### Recorded data
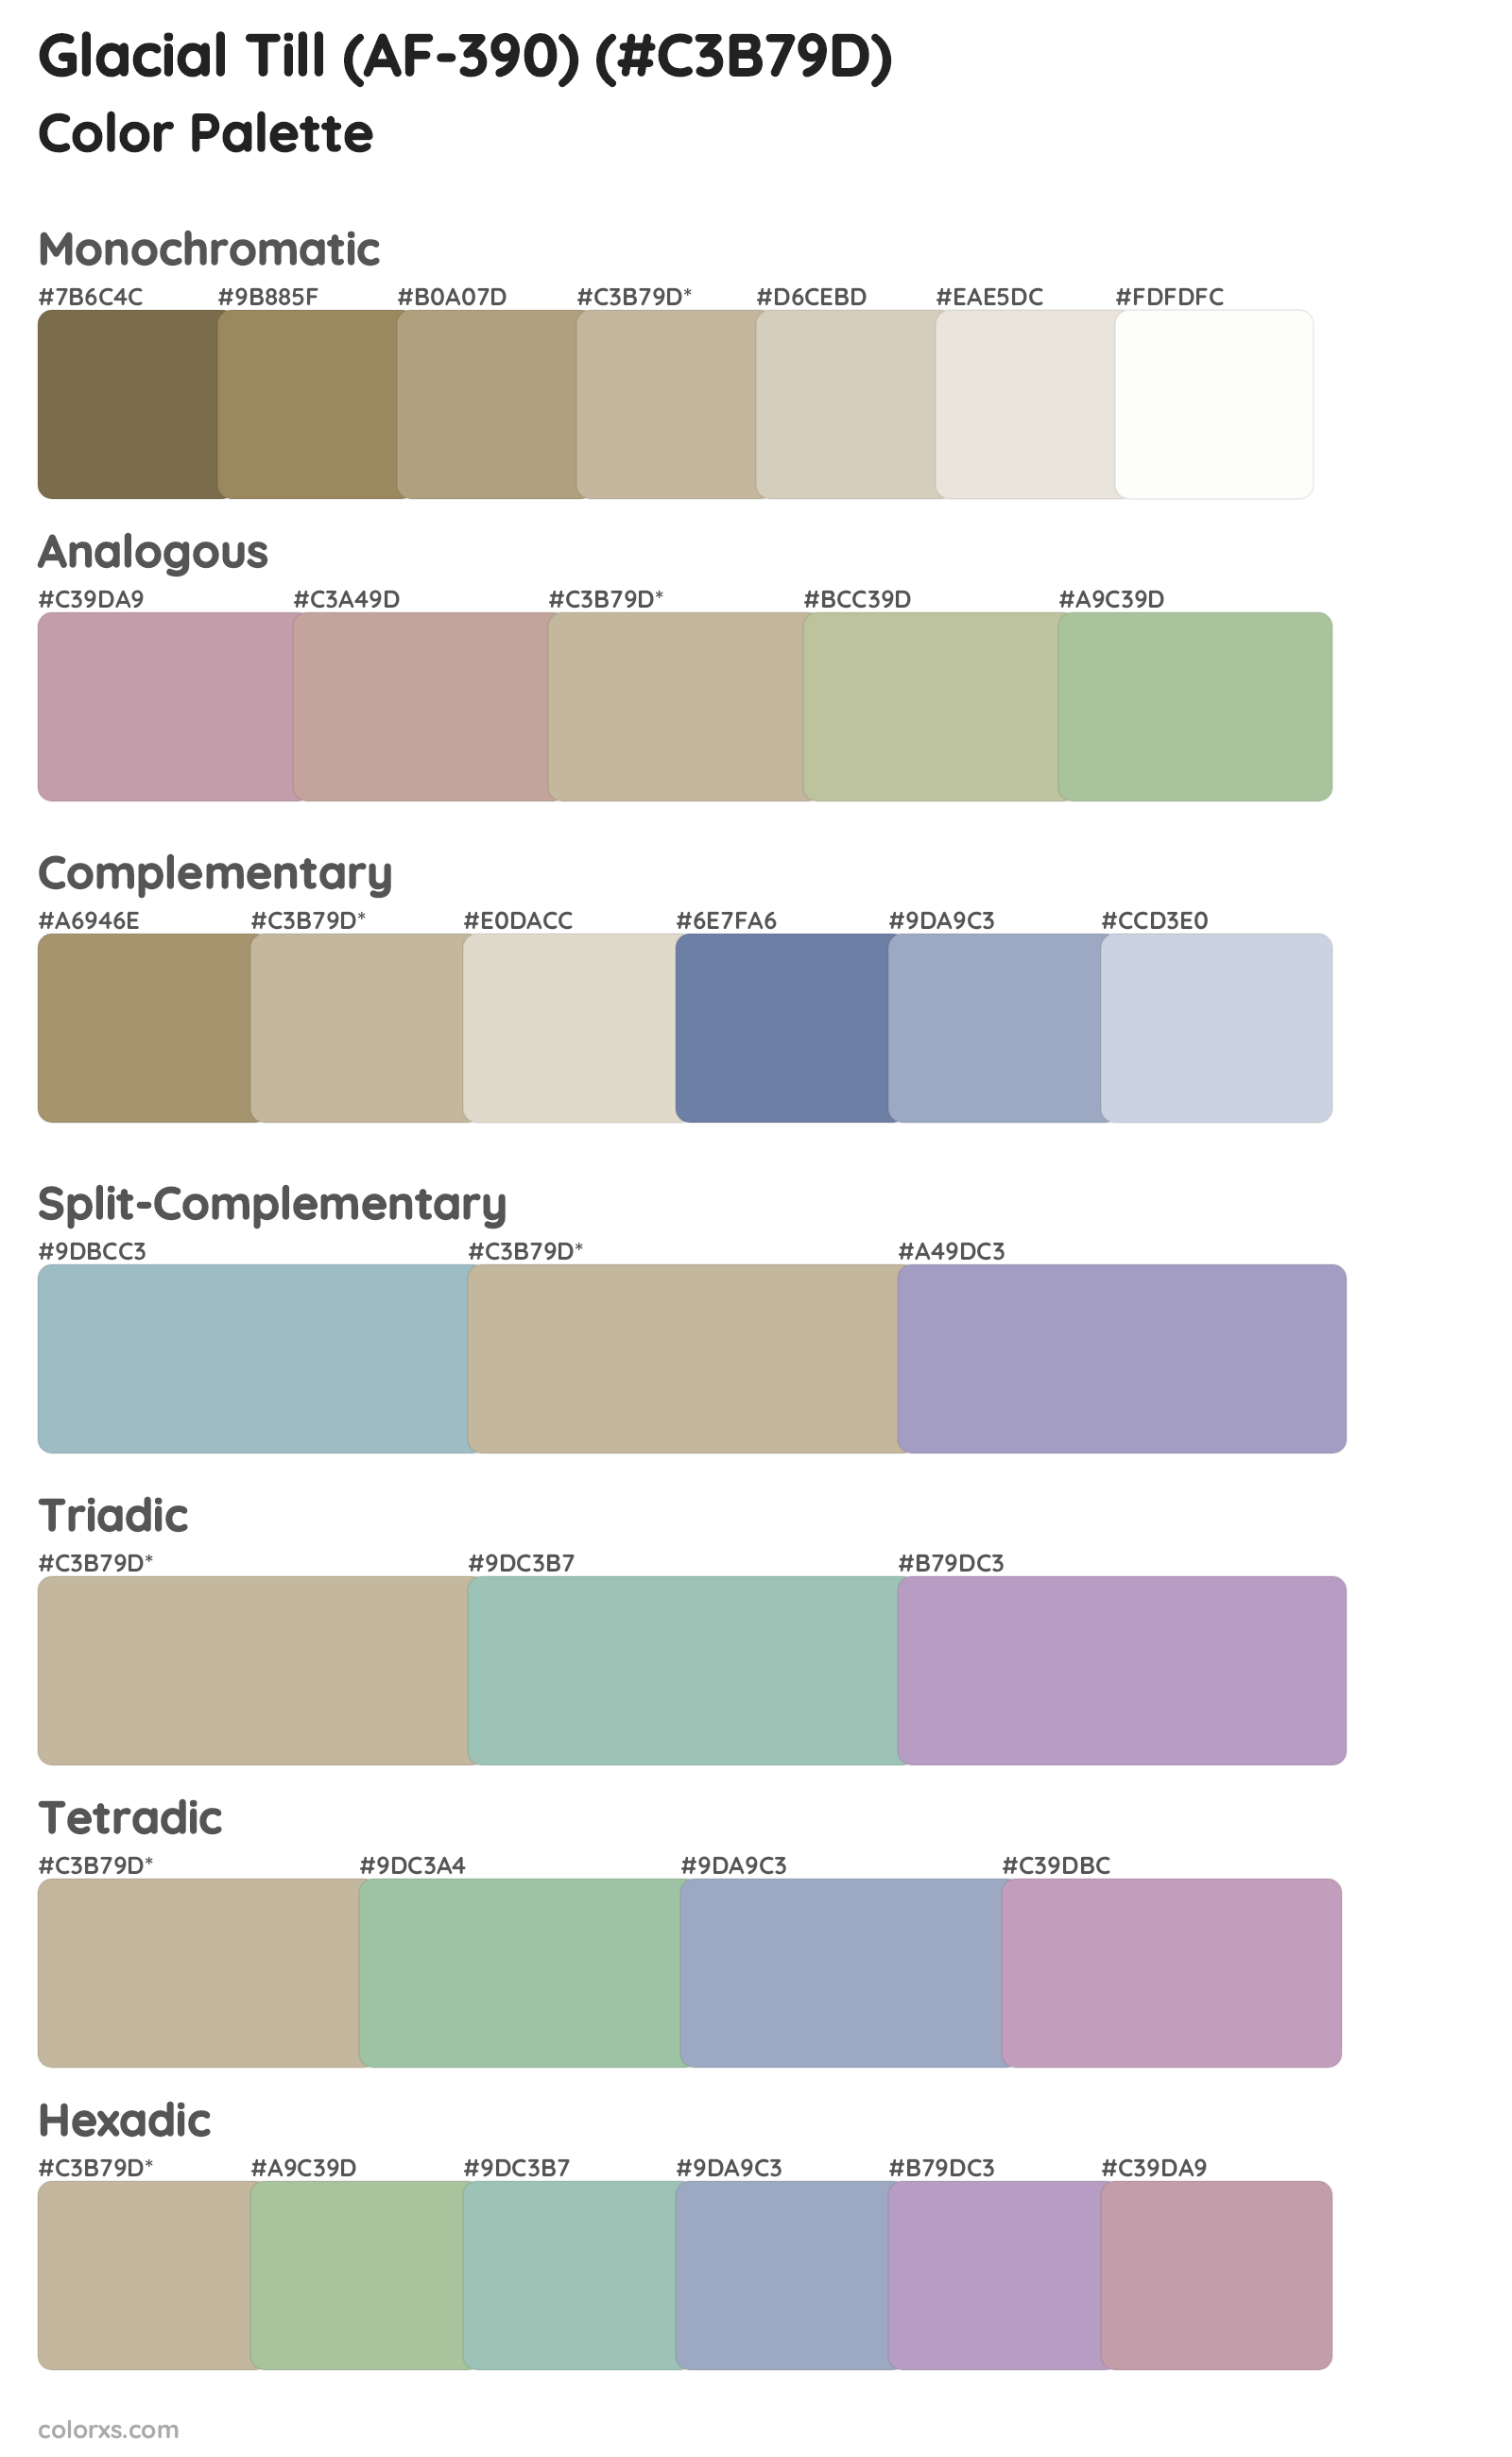 Glacial Till (AF-390) Color Scheme Palettes
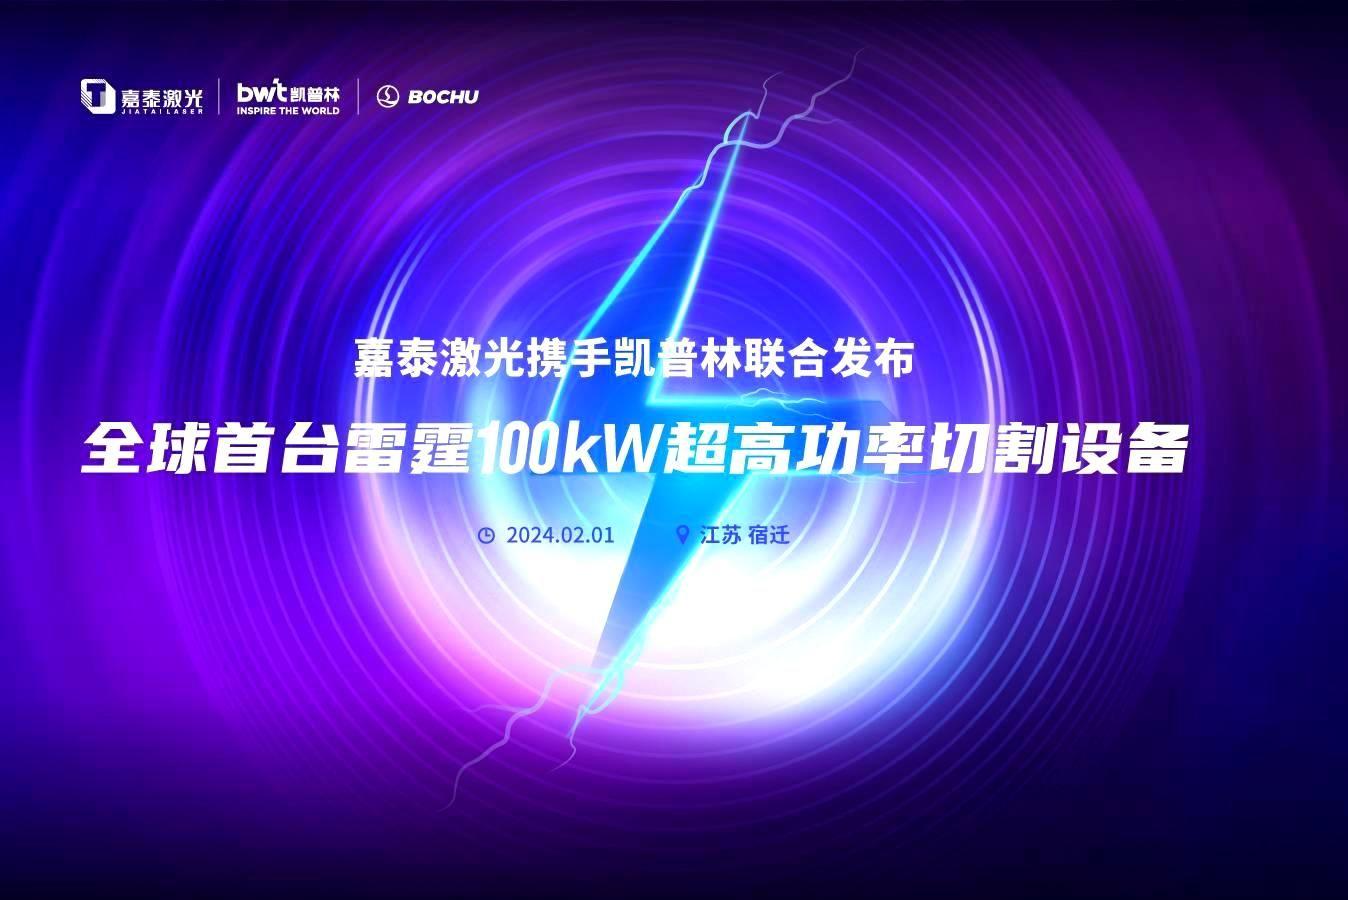 JDB电子激光携手凯普林、柏楚电子发布全球首台100kw激光切割机
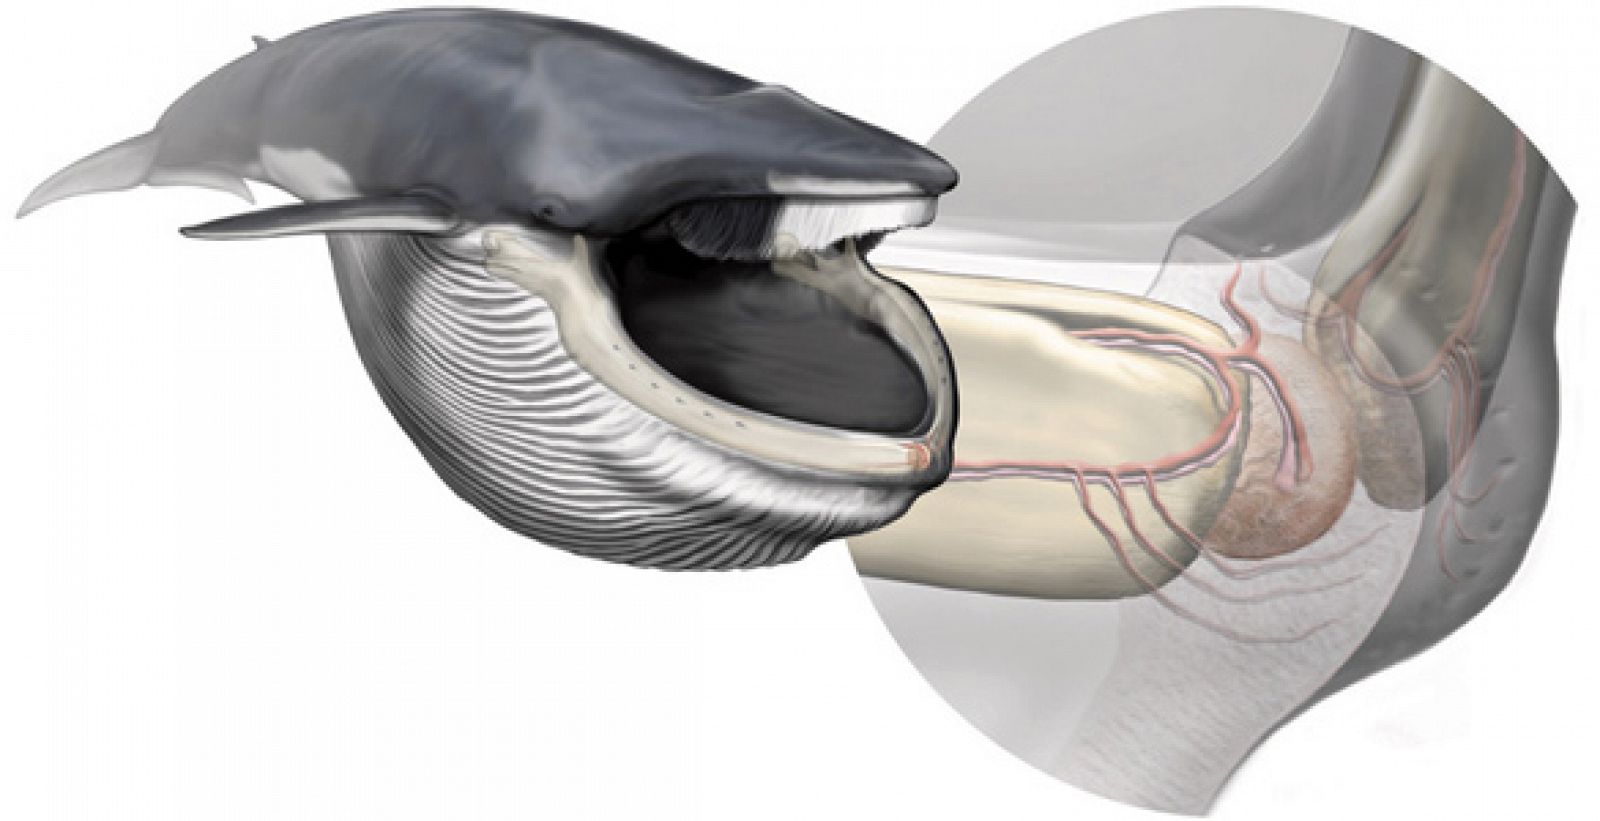 El órgano sensorial de la ballena azul, del tamaño de una naranja, está situado en la punta de la mandíbula

### Task brief
Copy out the data exactly and keep the pictures out.

### Exercise response
 Glacial Till (AF-390) Color Scheme Palettes
 JDB电子激光携手凯普林、柏楚电子发布全球首台100kw激光切割机
 El órgano sensorial de la ballena azul, del tamaño de una naranja, está situado en la punta de la mandíbula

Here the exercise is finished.